Advanced tutorial (coding knowledge required)
Note: The HTTP adapter is split into two connectors - Basic and OAuth2.
Different applications support different authentication structures.
Workato enables you to communicate with various apps by handling the authentication portion of a request in the connections section. HTTP and HTTP (OAuth2) have different approaches to authentication.
No authentication is required. You may skip the 'connection' portion.
Typically, a basic authentication requires a username and password combination when making requests, which is encoded with Base64 in transit.
Some APIs use a variation of the standard Basic access authentication. For example, Close.io API expects an API Key generated in the individual User’s account. It should be used as a username with a blank password in the standard basic authentication format.
Header Authentication can be used when you have a generated token ready for use. All you'll need to do is add this token to the Header authorization field with the appropriate key name.
This connection type is useful when the authentication structure is based on validating an API key as a parameter. What you need to do is to add the parameter key/value pair in the params authorization field and you are good to go.
If the API you intend to connect to does not follow any of the conventional authentication structure, fret not!
We provide custom type authentication for that reason. It includes all typical fields and components of connections available in all the previous types. You can adjust the appropriate fields to suit the desired application authentication structure.
For a more secure method of authentication, we recommend using OAuth 2.0. It is an open standard and is generally a more secure way for users to log into third party websites without exposing their credentials.
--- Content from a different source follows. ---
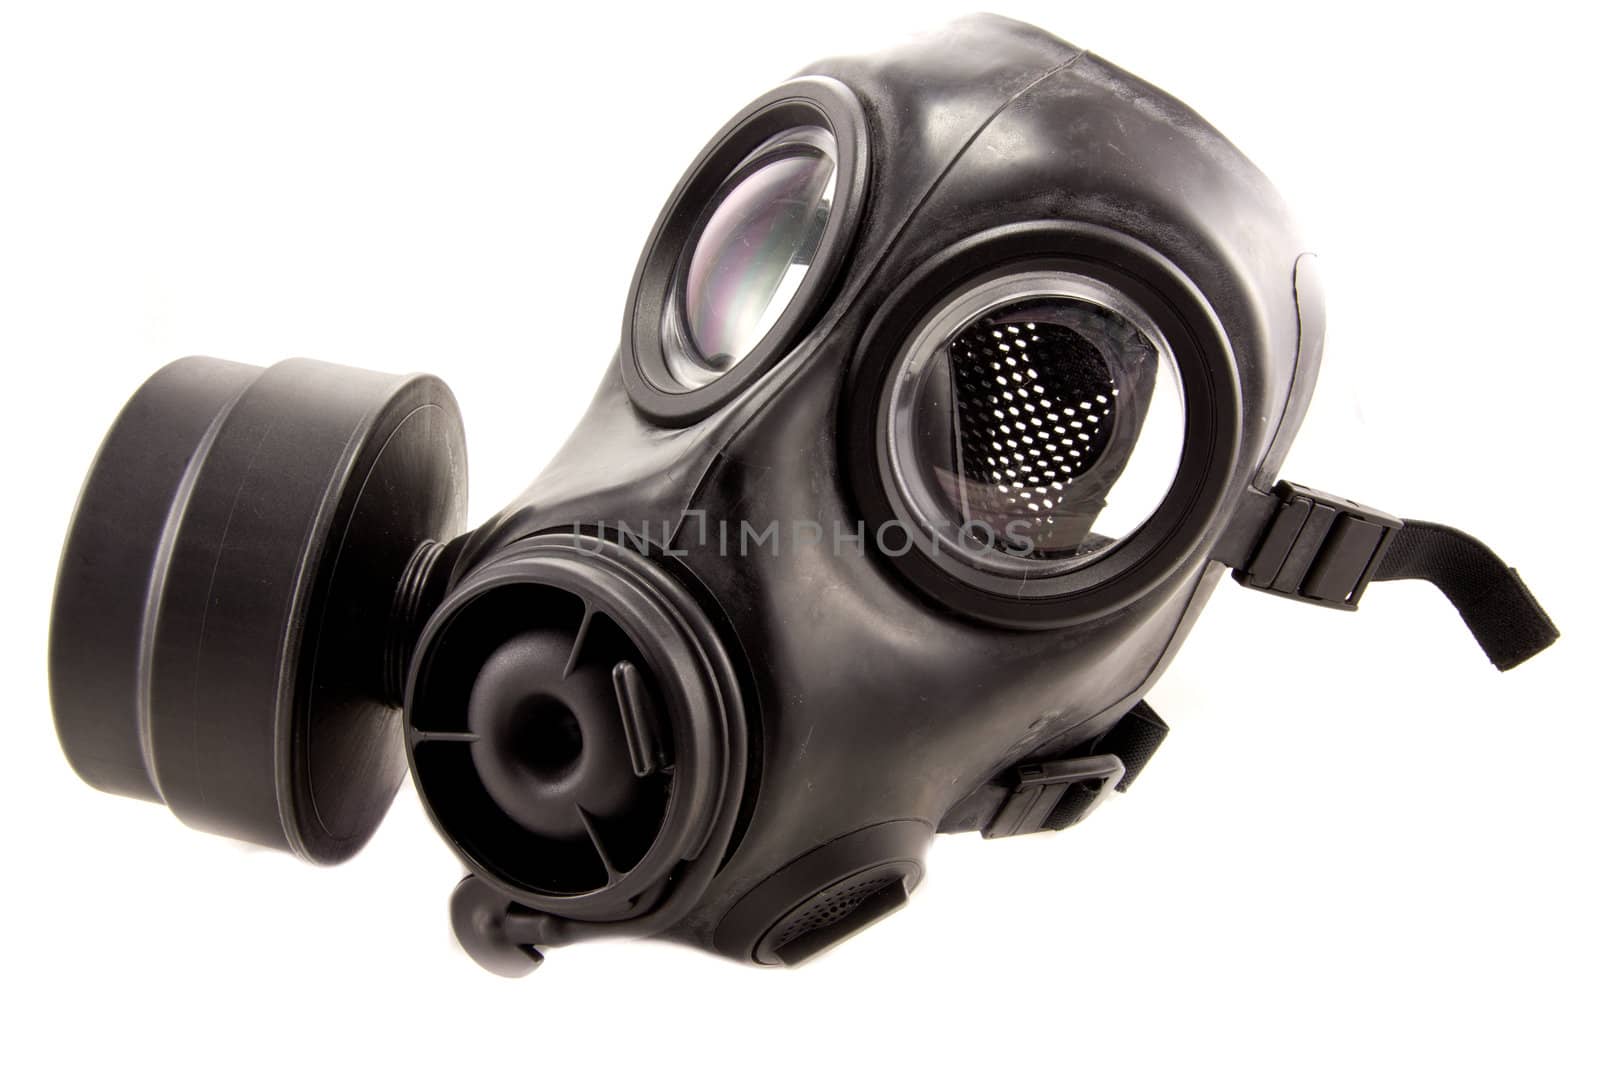 Gas mask by Stootsy

The HTTP (OAuth2) connector supports the authorization code grant variant of the OAuth2 standard.
Required components in OAuth 2.0 type connection:
Client_id and client_secret
Redirect URI will be appended to the authorization request by the framework, so there is no need to include it. If the application requires that you register the redirect URI beforehand, use: https://www.workato.com/oauth/callback
Some APIs require that you include certain parameters in the authorization URL. Common examples are response_type (“code” or “token”) and scope (“read”, “write”, “admin”, etc).
A HTTP Action is a REST request to a Application API endpoint. It is executed during a run of the recipe.
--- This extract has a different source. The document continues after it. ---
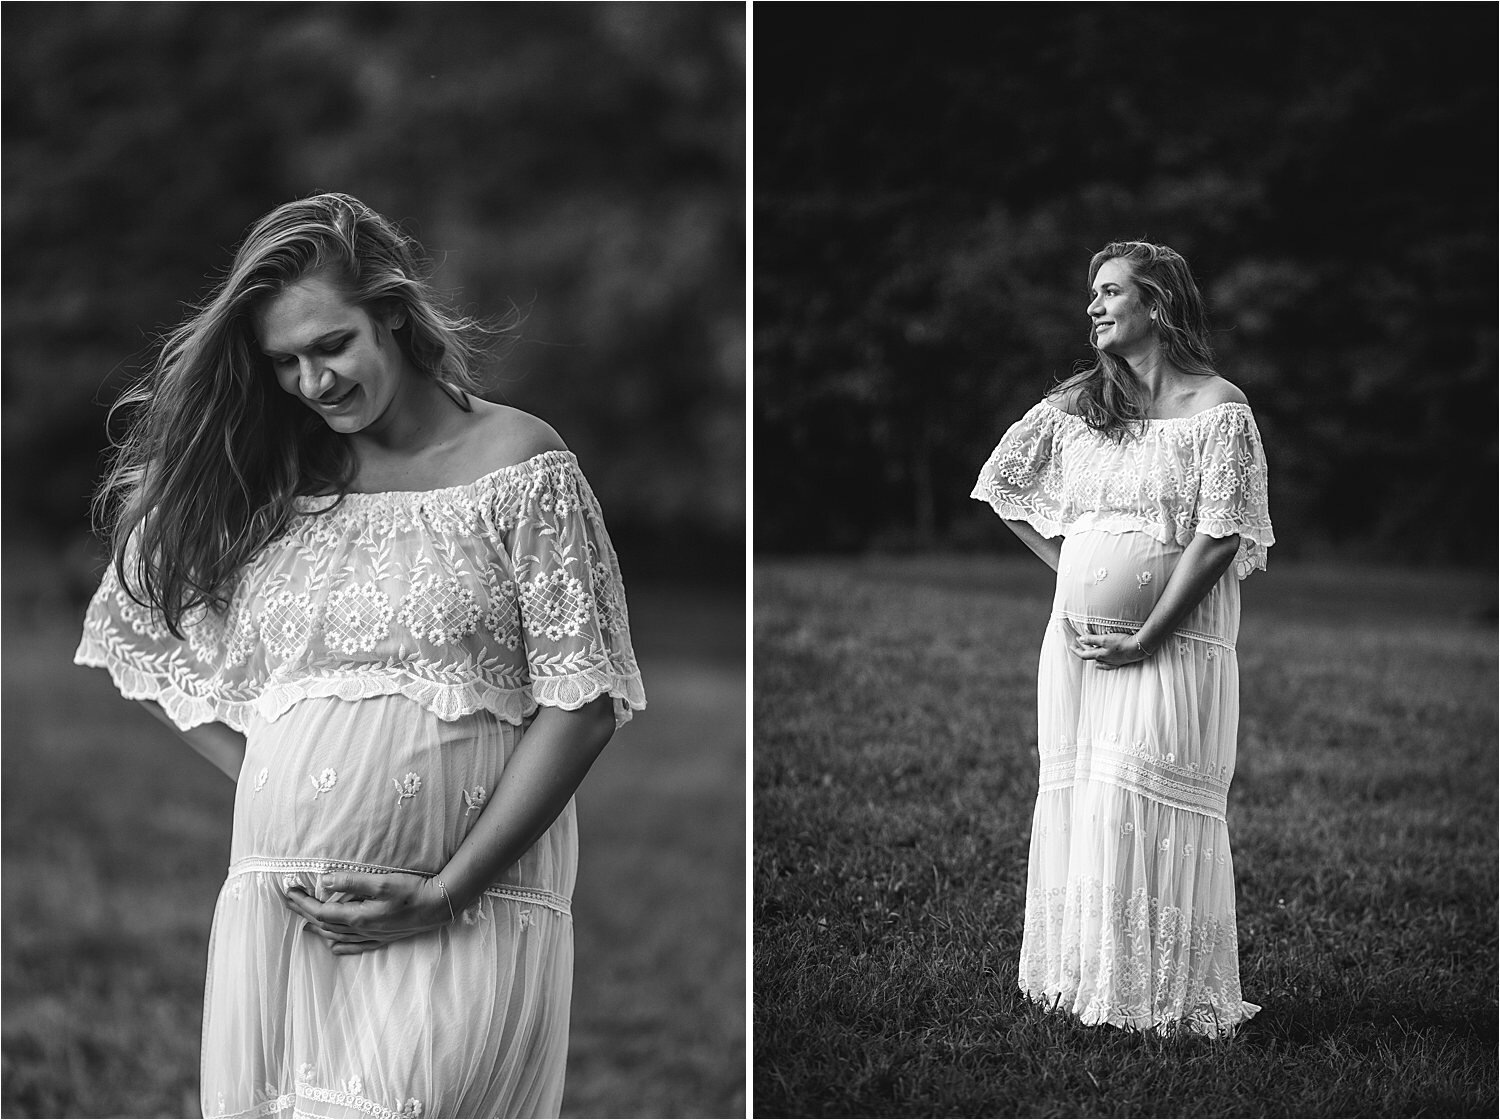 Central_Park_Maternity_Session_with_NYC_Baby_Photographer_Nicole_Hawkins_Photography_September_2019-17_Web.jpg

Endpoint URL of the REST request.
Additional HTTP request Headers. If there is a constant HTTP request Headers for each REST Request, consider moving this component to the Authentication portion.
Payload attached to the REST request. Can be in XML or JSON Format
Raw HTTP response body
Parse response as JSON
Parse response as XML
Define your sample output (format should abide by the output type defined earlier) This sample output is crucial because it defines a schema for the action. The schema is then used as data pills for mapping (refer to the right side of the image for example of a sample output from a previous step)
This name is an identifier for your dedicated webhook endpoint. Input here will change the webhook URL show at the top of the trigger. This Webhook URL is used to pick up real-time events posted from webhook events from your application.
Note: Some APIs require that you “register” or “subscribe” to a webhook subscription before events can be posted to this endpoint.
PUT/POST with JSON Payload
PUT/POST with XML Payload
PUT/POST with FORM encoded Payload
Similar to sample output (above), this component defines the schema of the trigger. It allows you to use the data from the output of a trigger event in the form of a data pill. Make sure that the format is identical to the actual output data, if not, the data pills used in subsequent steps will not behave as expected.